Indeed, it is rather shocking how little the face of this House of Representatives has changed since 1789, despite two hundred years of litigation, activism, protest, sacrifice, marches, sweat, blood, lynchings, and tears. No, the People’s House still doesn’t look like the people, hardly at all, and the U.S. Senate is even worse in that regard—there are no blacks or Latinos, even fewer women than in the House, and even greater income disparities between the Senators and their voters. A famous nineteenth-century aphorism said, “It is harder for a poor man to enter the United States Senate than for a rich man to enter Heaven,” and things hardly seem different today. No, two hundred years into our history the United States Congress is still a fairly patrician body, more resembling the Roman Senate than a New England town meeting.

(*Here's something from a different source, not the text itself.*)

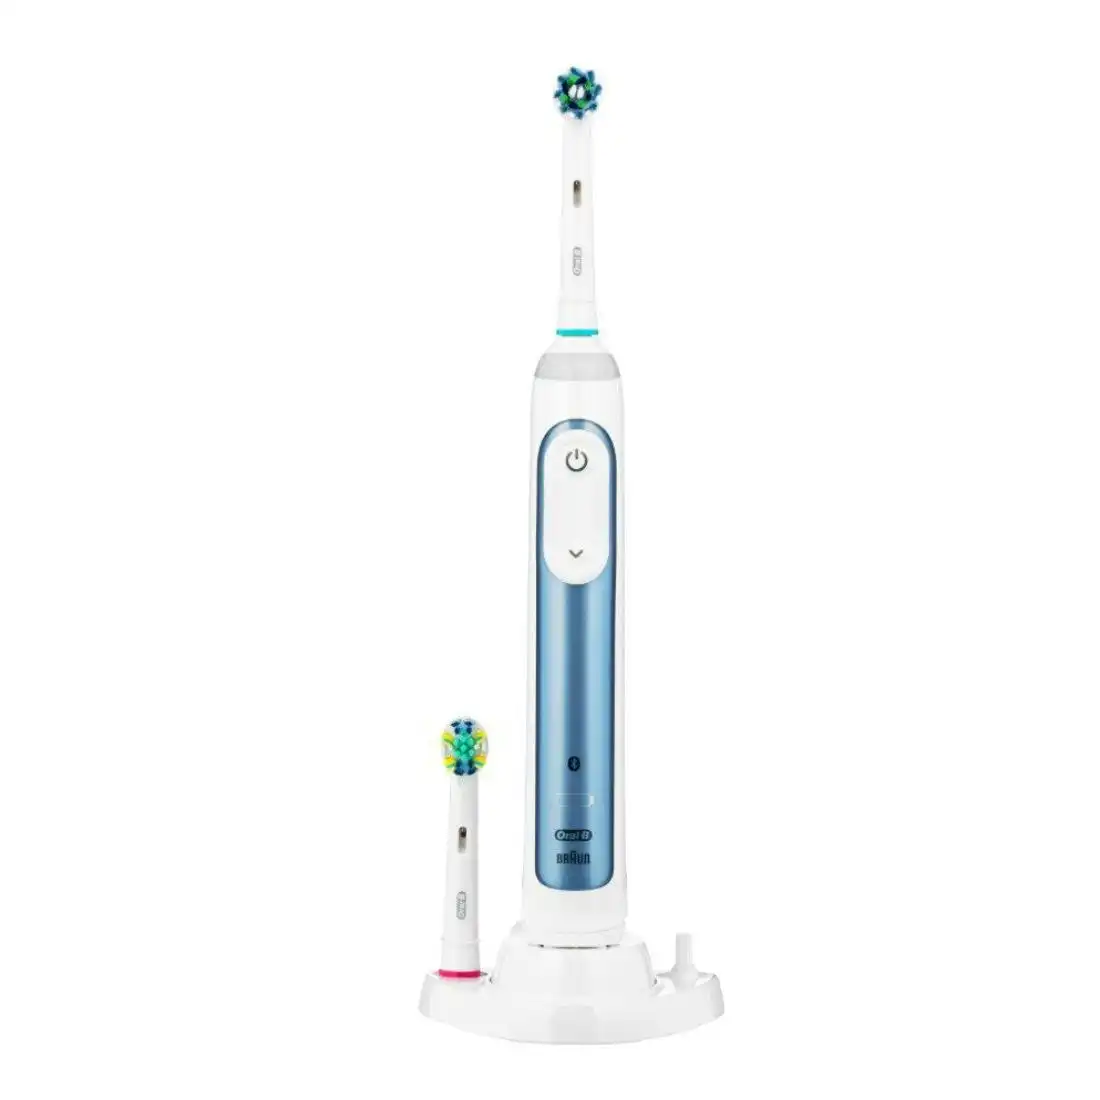 Oral-B Smart 7 7000 Electric Toothbrush with Travel Case - Blue

But this is what political scientists call “descriptive” or “mirror” representation.

Descriptive representation is academic jargon for what some would label a kind of

“political correctness,” an apparently radical and disquieting notion that The People’s representatives should mirror the demographics of the people they purport to

THE PEOPLE’S HOUSE 59

represent, at least within some reasonable parameters. Like other matters PC, descriptive representation is not very popular today, either in the academy or in the mass media, ridiculed as government by bean-counters or affirmative action zealots.

Which is ironic, because certainly the Founding Fathers understood that a monarchical and distant overseas British government didn’t reflect their demographics, and they fought a war of independence to establish a principle that it should. John Adams, no Jefferson radical, wrote that “this representative assembly…

should be in miniature an exact portrait of the people at large.”7 So let’s just take note of the fact that, when we look in the mirror of the People’s House, of this Winner Take All legislative body, the mirror doesn’t reflect back, and then let that drop. For now.

The flip side of descriptive representation is what is called “substantive”

representation. This is the more accepted notion that what is most important is not what our elected officeholders look like, but rather that they represent the best interests of their constituents and the nation. The corollary to this is that, while the inhabitants of the People’s House may not look like the people, they at least think like the people; they share their opinions, or at least act as their constituents would have them do, and as a collective body duly represent the people’s best interests. But is that really true? Do the current inhabitants of the People’s House really think like the people or act as the people wish? Let’s explore that notion a bit.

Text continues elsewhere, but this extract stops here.